Dupont-Aignan a perdu un parrainage. Et en attendant un tel candidat, lors de la précédente présidentielle, Gérard Dagry avait choisi Nicolas Dupont-Aignan, candidat en 2012 mais aussi en 2017, qui malgré des efforts pour fidéliser ses soutiens, n'a pas convaincu. "Il m'a même invité à une exposition de peinture dans sa ville d'Yerres !" raconte l'élu.

Un "parrainage de colère". Quant à Gérard Schivardi en 2007, il assure que c'était un parrainage de colère.

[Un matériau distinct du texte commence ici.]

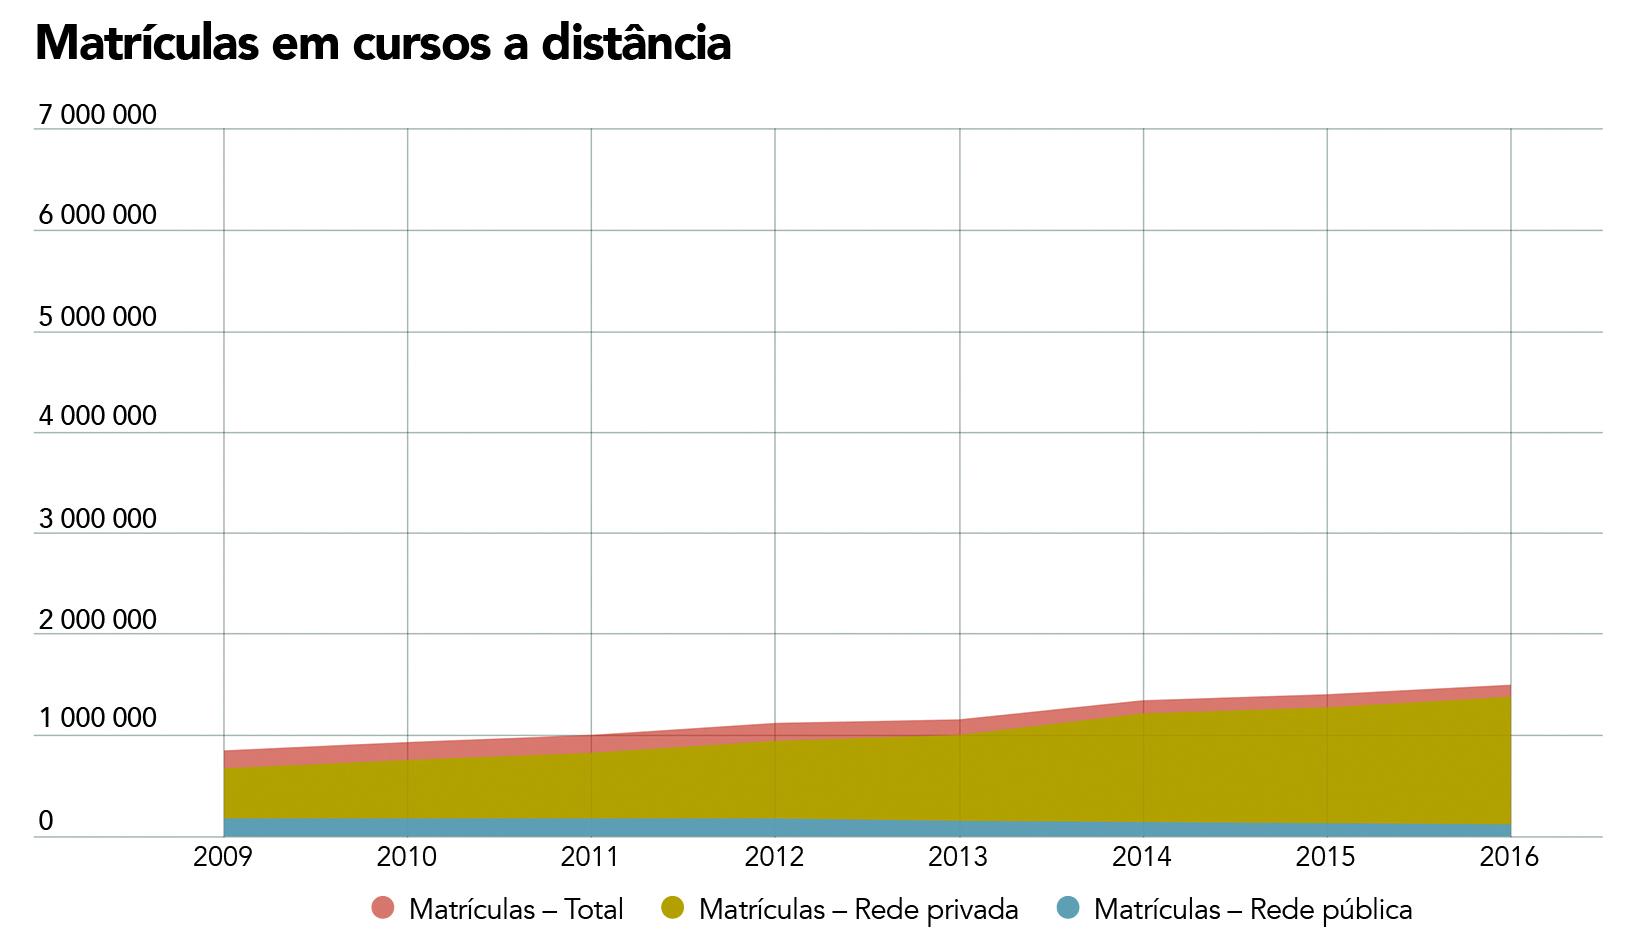 Gráfico de matrículas em cursos a distância

À l'époque, le candidat du Parti des travailleurs avait été mis de côté par l'Association des maires de France pour s'être autoproclamé "candidat des maires". "Cette polémique m'avait agacé, alors je lui avais accordé un parrainage de colère." Mais cette fois-ci, ce sont des convictions politiques qui ont guidé le choix de Gérard Draguy. 

La course aux parrainages. Pour le moment, François Fillon est le seul candidat à avoir dépassé les 500 parrainages nécessaires pour valider sa candidature à l'élection présidentielle. Le candidat LR est suivi d'Emmanuel Macron (En Marche !), avec 229 parrainages, Nathalie Arthaud (LO) 201, Benoît Hamon (PS) 184 et Jean-Luc Mélenchon (La France insoumise) 87. La candidate du Front national, Marine Le Pen, en a pour l'heure 25. Philippe Poutou (NPA) disposait lui, mercredi, de 35 paraphes et Nicolas Dupont-Aignan (Debout la France) de 31.